=== Begin Enclosure ===

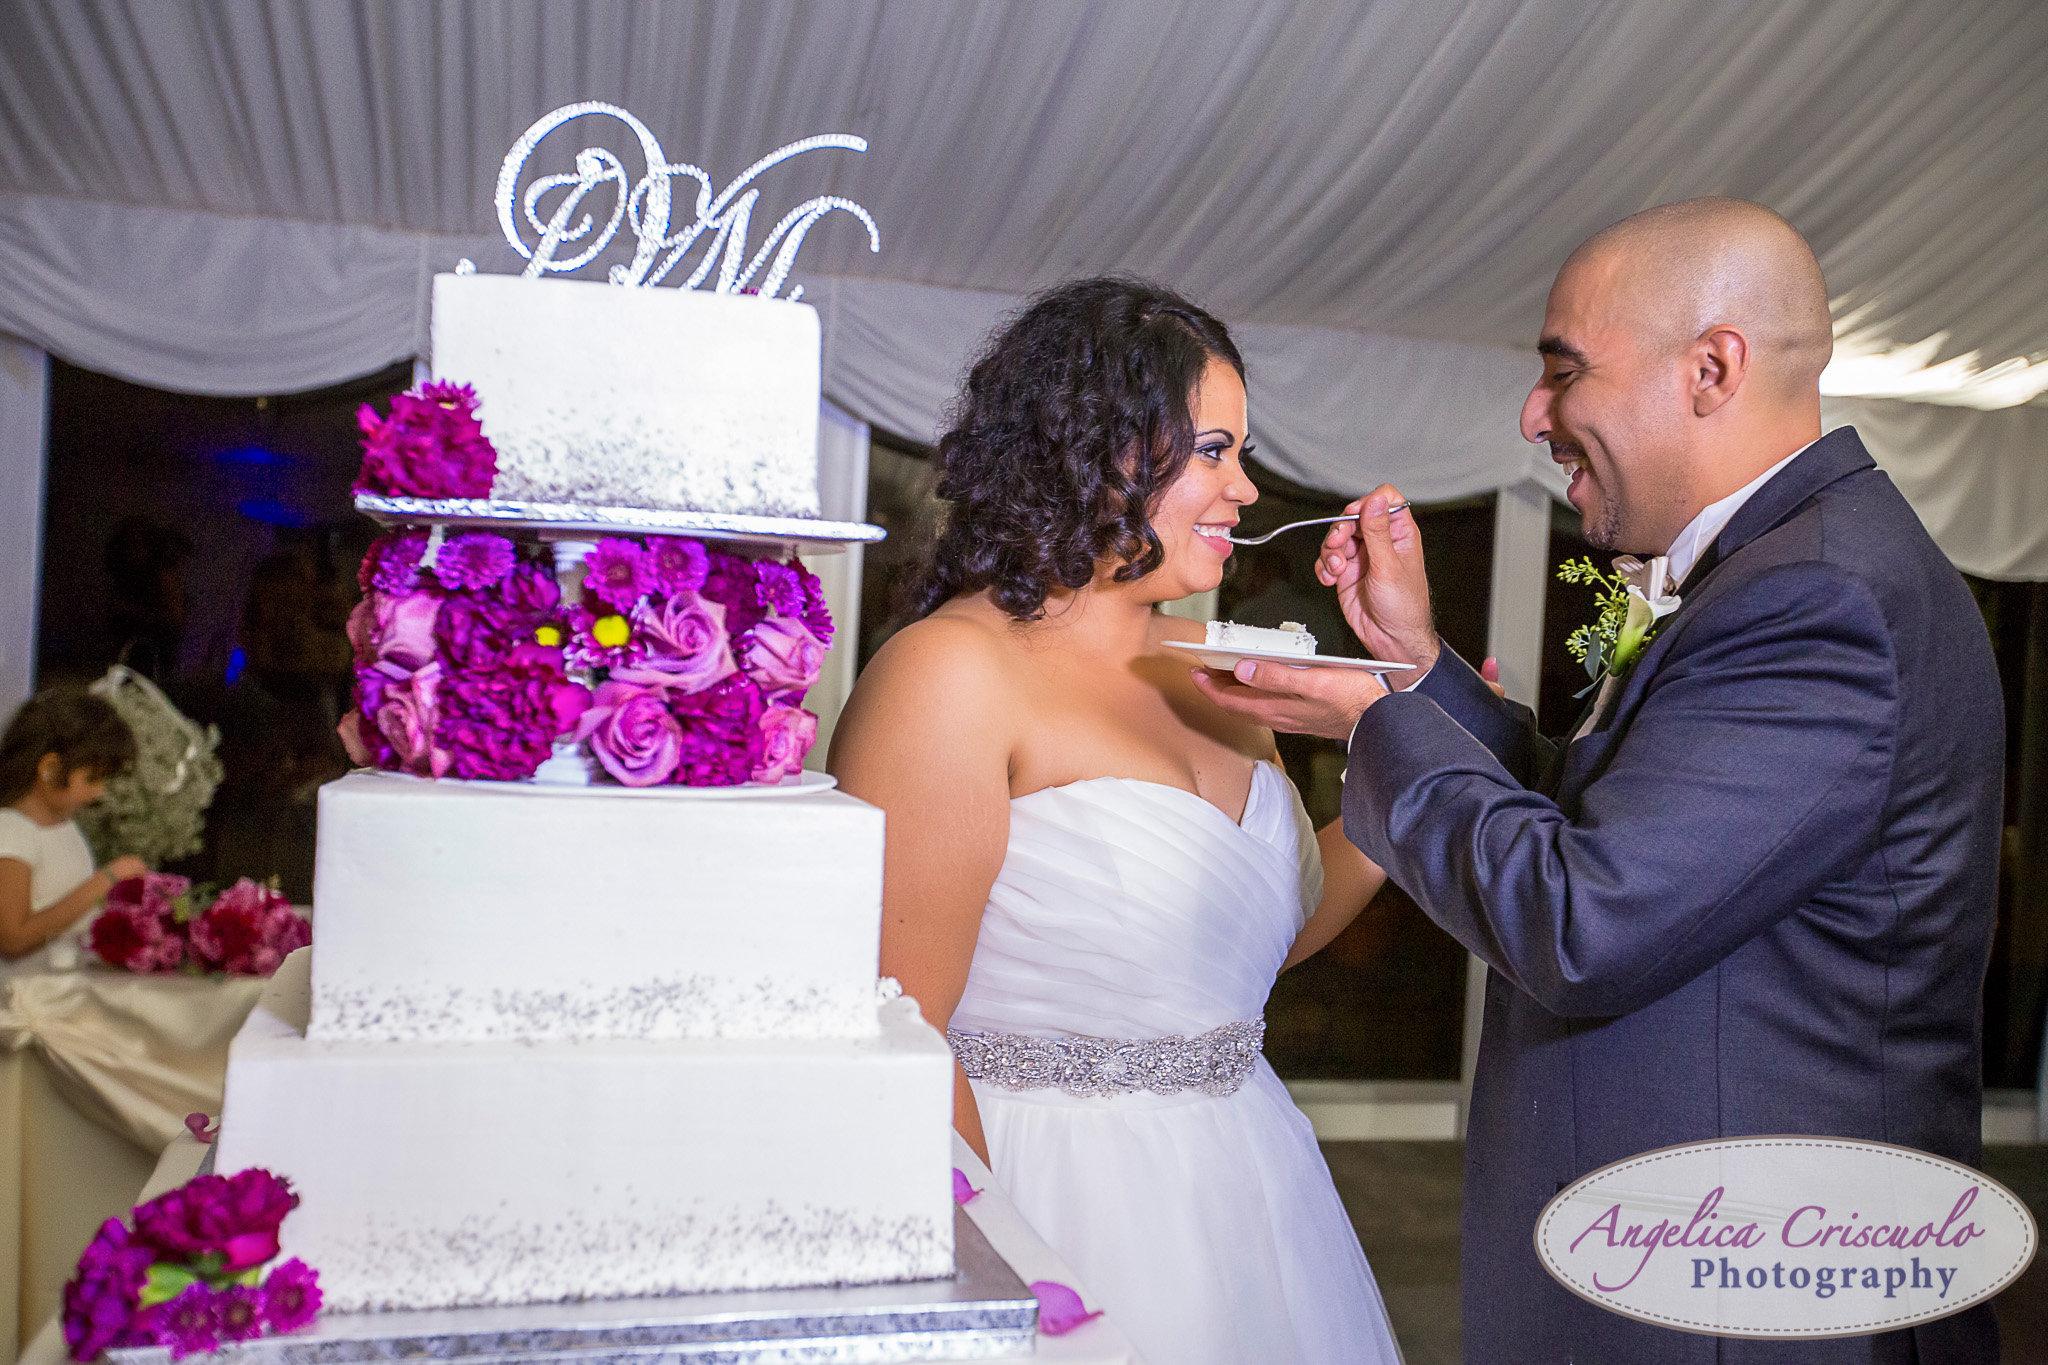 Conti's Pastry Shop wedding cake New York Wedding photographer pelham bay split Rock
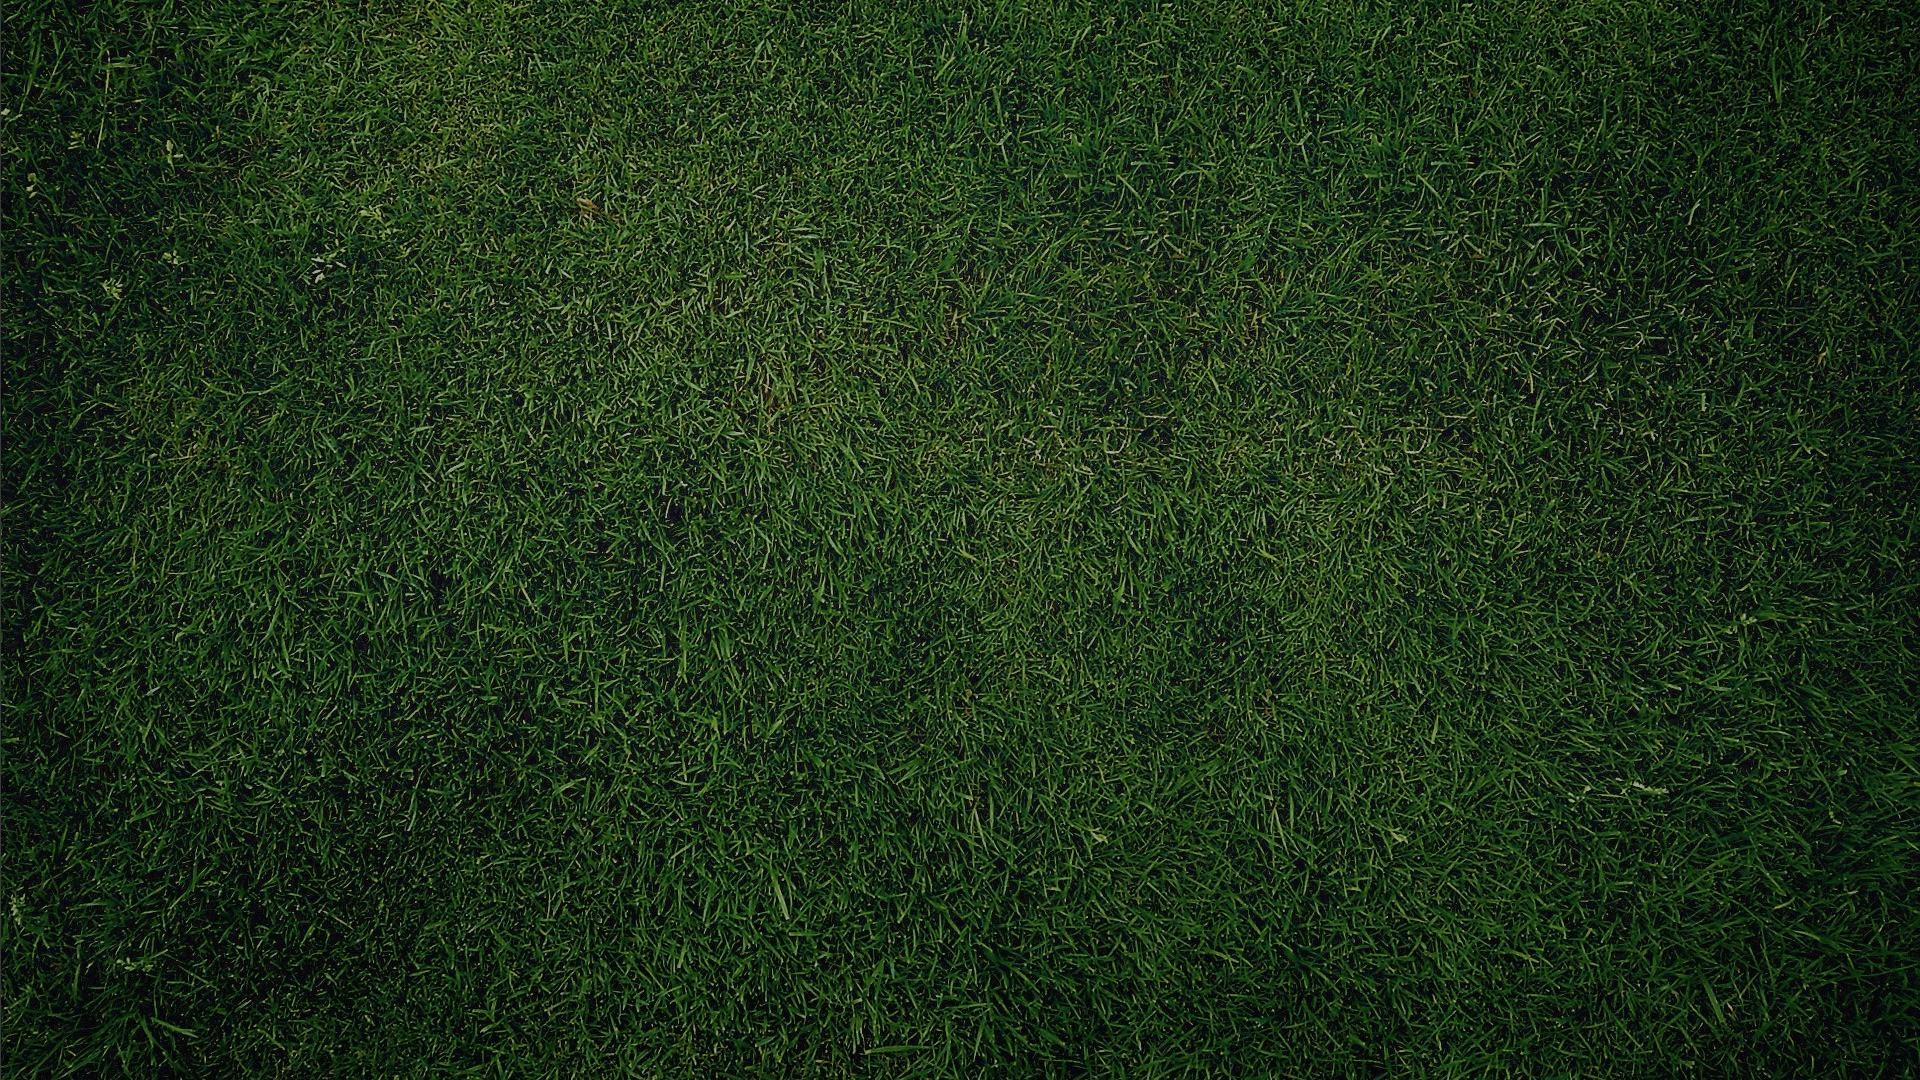 Hd Grass Wallpaper - WallpaperSafari
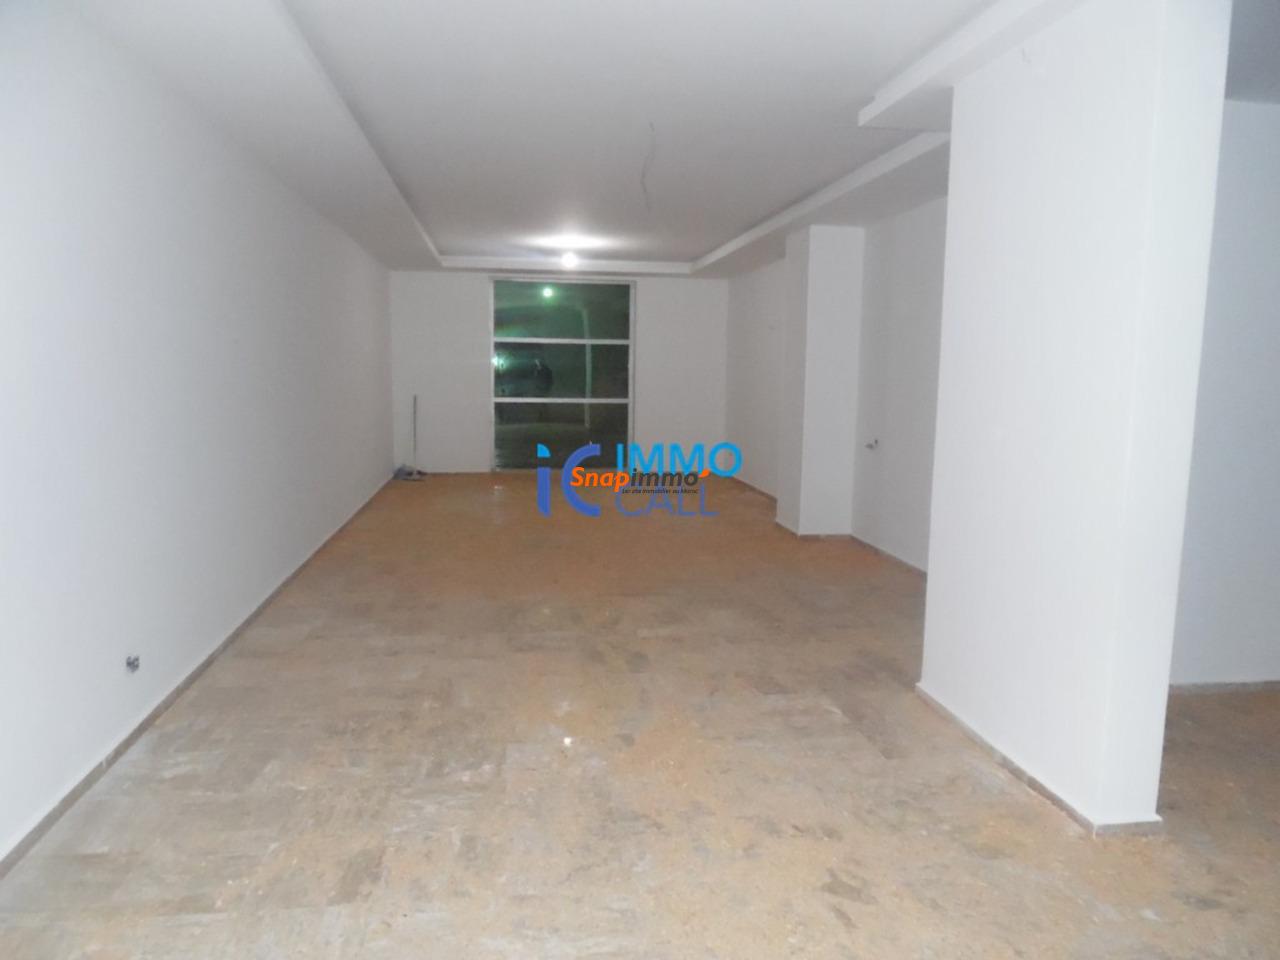 Magasin de 128 m² en location à Hay raid - 3/4

=== End Enclosure ===

- TASK
Could you restate the material word for word, skipping any pictures it holds?

- OUTPUT OF THE TASK
 Conti's Pastry Shop wedding cake New York Wedding photographer pelham bay split Rock
 Hd Grass Wallpaper - WallpaperSafari
 Magasin de 128 m² en location à Hay raid - 3/4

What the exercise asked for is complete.